WASHINGTON (Reuters) - Boeing Co (BA.N) and the Federal Aviation Administration (FAA) confirmed on Sunday they are reviewing a wiring issue that could potentially cause a short circuit on the grounded 737 MAX.
Boeing spokesman Gordon Johndroe said Sunday the U.S. planemaker “identified this issue as part of that rigorous process, and we are working with the FAA to perform the appropriate analysis. It would be premature to speculate as to whether this analysis will lead to any design changes.”
The New York Times reported Boeing is reviewing whether two bundles of wiring are too close together, which could lead to a short circuit and potentially result in a crash if pilots did not respond appropriately.
The FAA said in a statement Sunday the agency and company “are analyzing certain findings from a recent review of the proposed modifications to the Boeing 737 MAX.” The agency added it will “ensure that all safety related issues identified during this process are addressed.”
Boeing is currently working to design separating the wiring bundles if necessary and conducting extensive analysis to establish if the electrical fault could occur in a real-world scenario, a company official said.
Officials said the FAA had directed Boeing to complete an audit in December. The wiring issue could push back the return of the MAX, the officials added. Reuters has reported previously the FAA is not likely to approve the plane until at least February and might not until March or later.
The FAA flagged the wiring issue as potentially “catastrophic.” It is possible other protections like shielding, insulation and circuit breakers could prevent the short circuit, a company official said.
Boeing will halt production of the 737 MAX this month following the grounding in March of its best-selling plane after two fatal crashes in five months killed 346 people.

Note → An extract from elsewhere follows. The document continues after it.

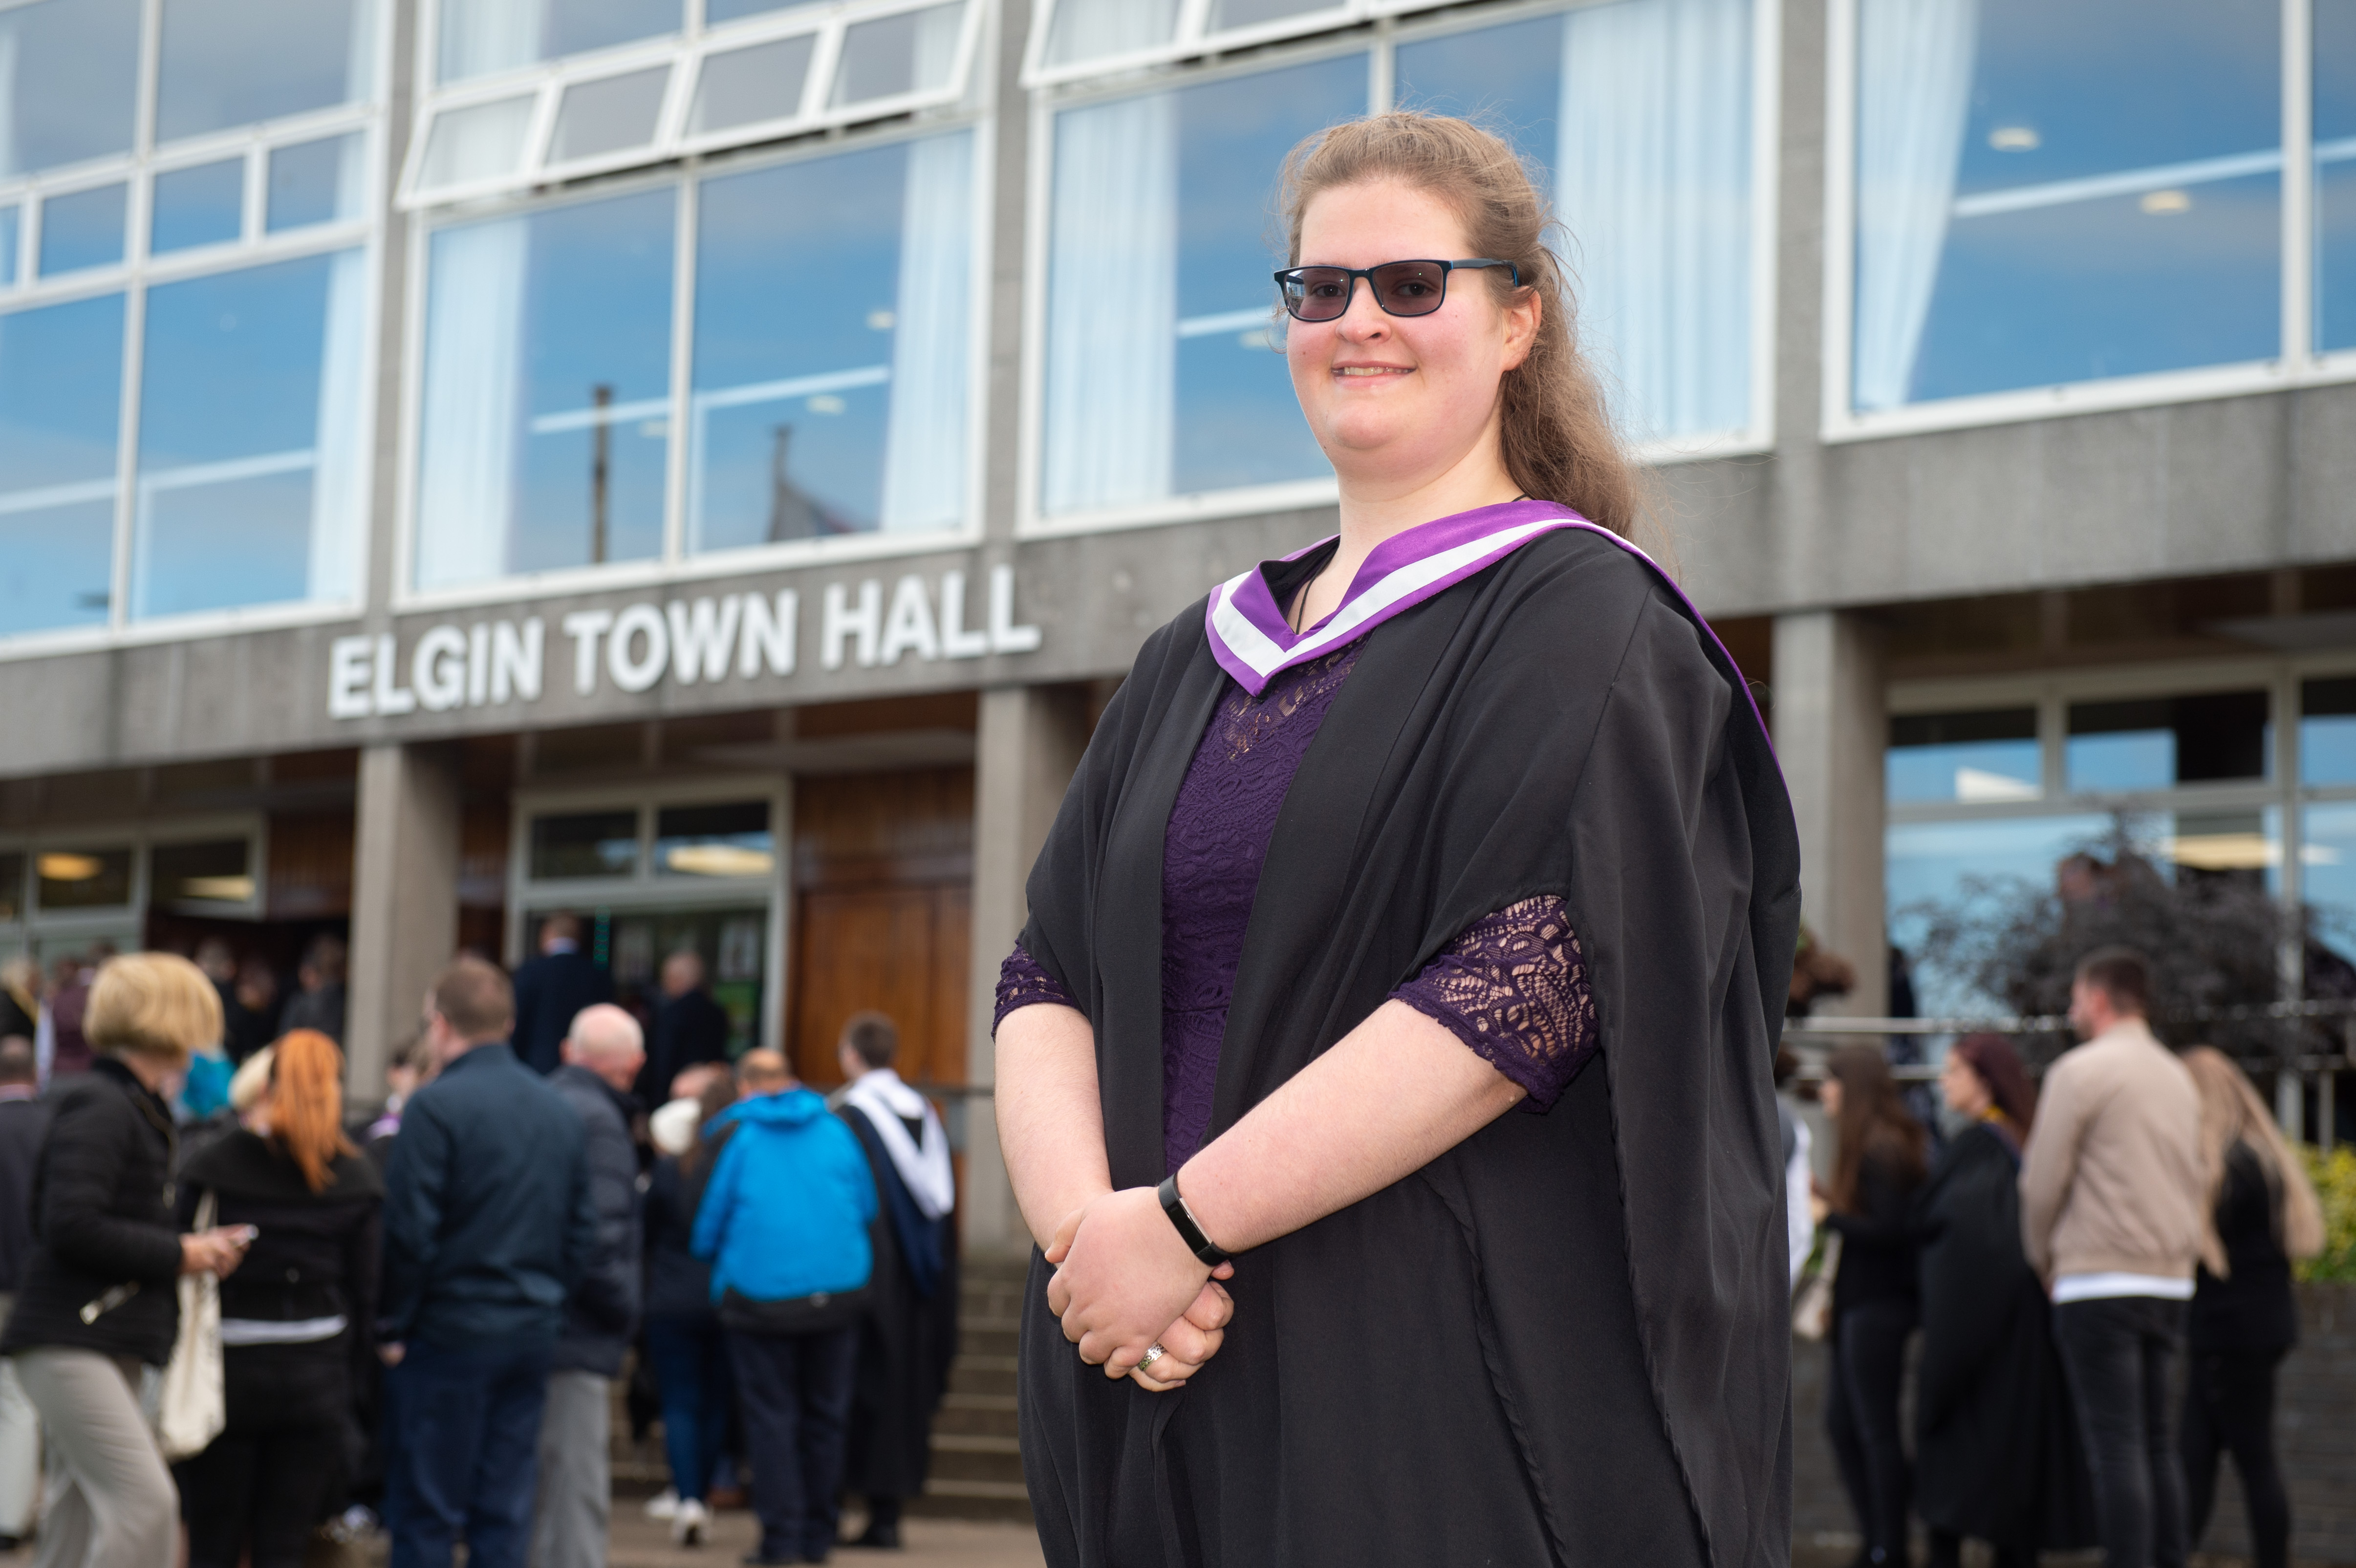 Rebecca Poyner pictured outside Elgin Town Hall.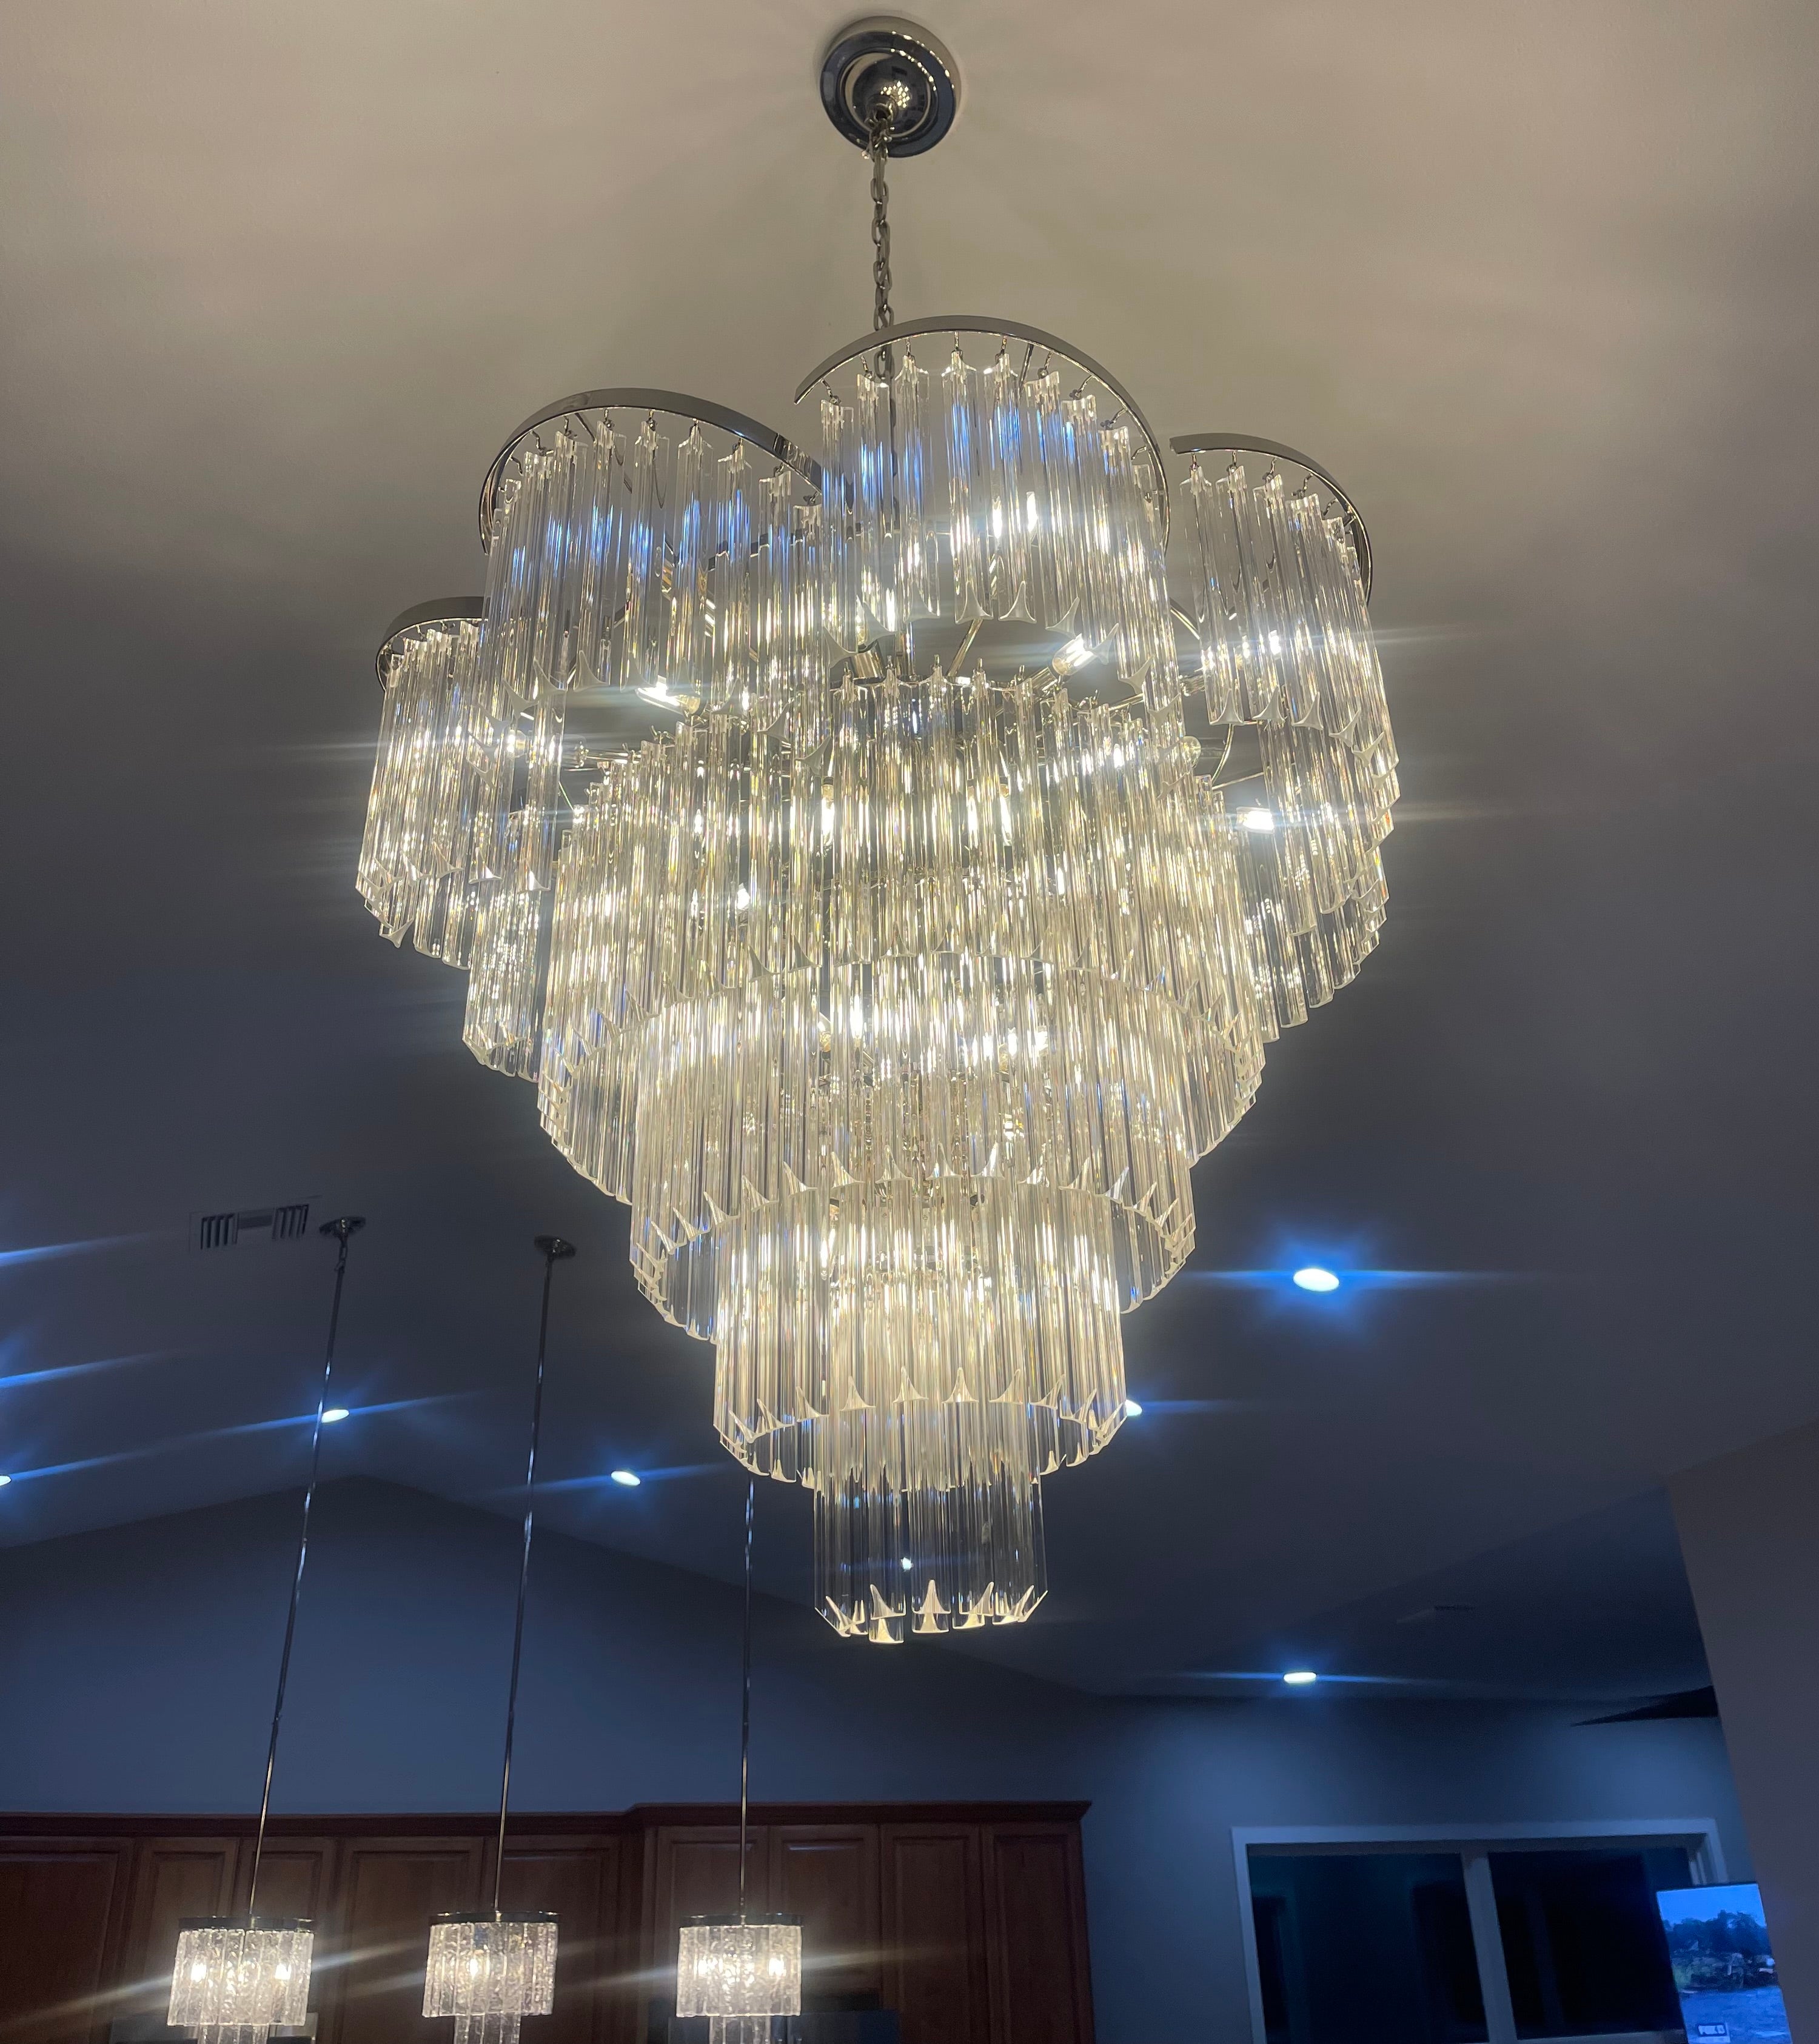 Twin Palms Round Crystal Chandelier - Italian Concept

Last month, Boeing’s board fired Chief Executive Dennis Muilenburg after repeatedly failing to contain the fallout from the crashes that tarnished its reputation with airlines and regulators.
The crisis has cost Boeing $9 billion, and has hurt suppliers and airlines.
Boeing is struggling to mend relations with the U.S. and international regulators it needs to win over to get the jet back in the air.
Separately, U.S. and European regulators are expected to return to Iowa this week to review a software documentation audit of the 737 MAX that was not completed last year, officials said Sunday. FAA and the European Union Aviation Safety Agency are scheduled to meet in Seattle this week and then return to Rockwell Collins facility in Cedar Rapids, Iowa next weekend to review the audit.